Part of the improvement from MMX technology is due to modifications that increase the Clock Rate.
As we know, Execution Time = (# of instructions) * (CPI) * (Clock Cycle Time)
Increasing the Clock Rate decreases the Clock Cycle Time, which in turn decreases Execution Time, and that's good.
Another reason they decided to increase the Clock Rate is consumers who didn't take CMSC 411 don't know about the Execution Time equation. They wouldn't be able to comprehend something with a 300 MHz Clock Rate could actually be faster than a 333 MHz. So basically, Intel would never be able to sell the new chip unless they increased the Clock Rate.
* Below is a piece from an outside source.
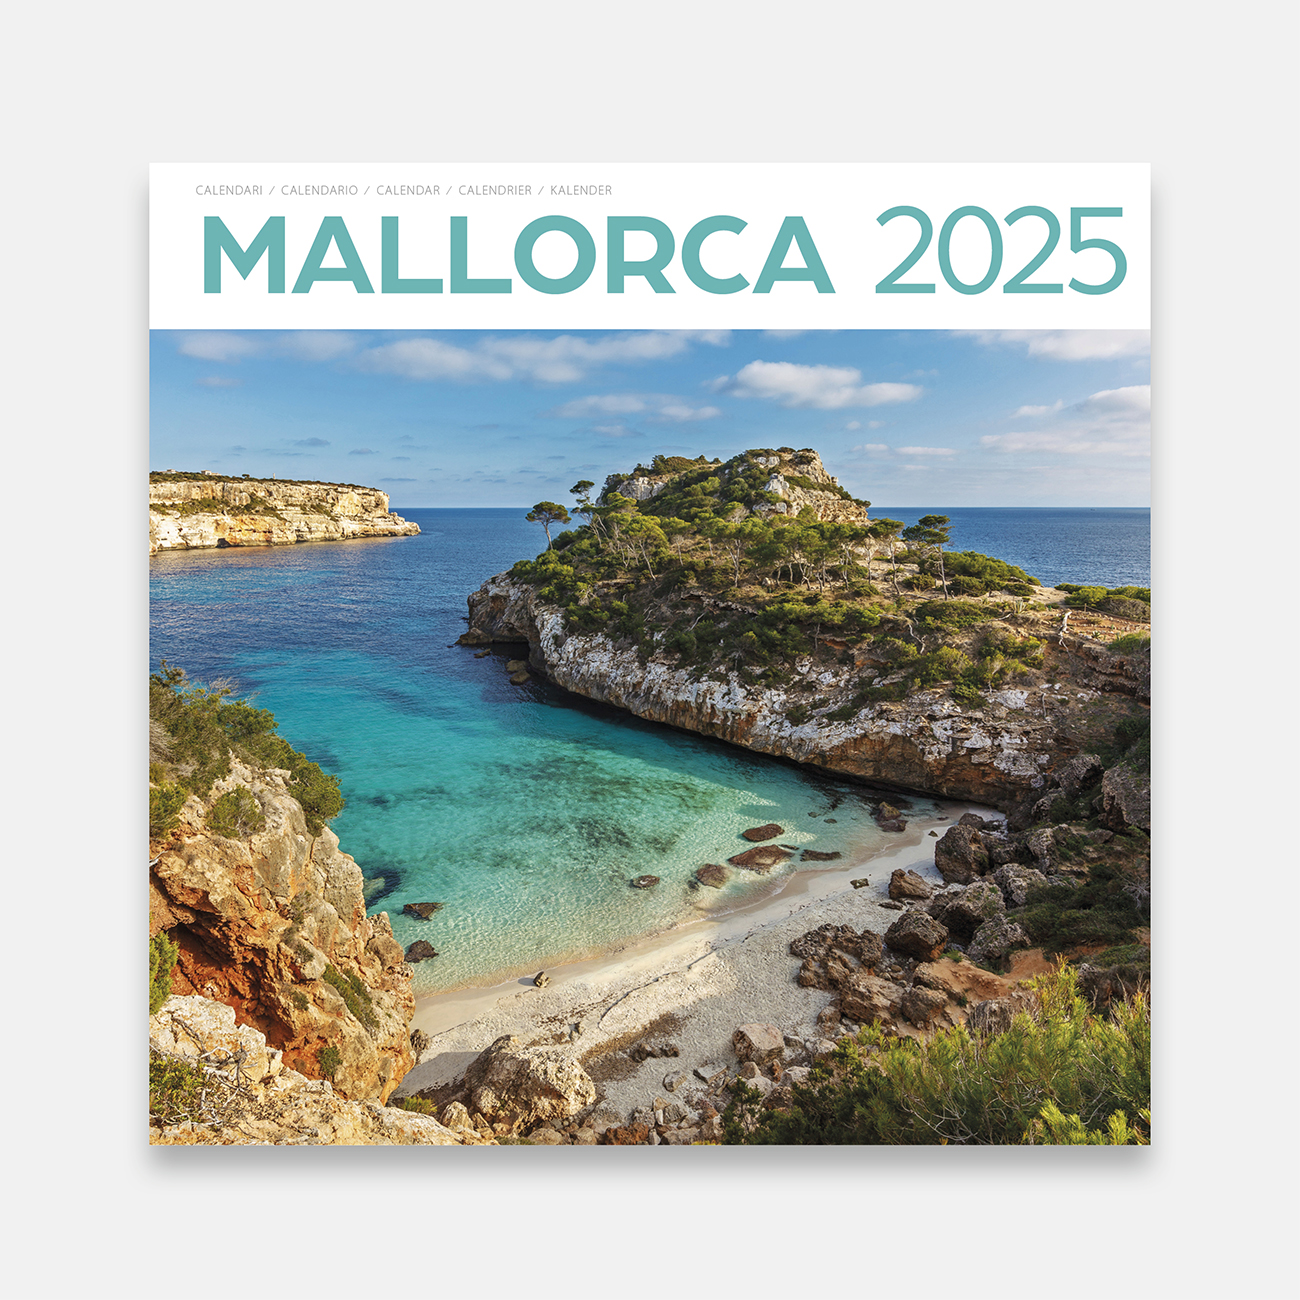 Calendari 2025 Mallorca 25ma1 calendario pared 2025 mallorca

So, in order to increase Clock Rate, the MMX Pentium designers had to find and eliminate some bottlenecks. The two major bottlenecks were the instruction decoder and the data cache access. These bottlenecks are somewhat dependendant on each other, so speeding one up helps speed the other up, too. So they tried to fix the decoder bottleneck first. Here's what an instruction used to look like in the old 5-stage pipe:
Fetch, Decode1, Decode2, Execute, WriteBack
To speed things up, a 6th stage was added to the pipe - Prefetch. A queue was also added between Fetch and Decode1 to decouple freezes, but that's way beyond the scope of this page. So now an instruction looks like this:
Prefetch, Fetch, Decode1, Decode2, Execute, WriteBack
After adding this new stage, machine timing was rebalanced to take advantage of the extra clock cycle.
The data cache was also made larger and faster than that of the original Pentium. Now the cache supports a single clock read and write in each port.
These improvements led to a 20% increase in Clock Rate.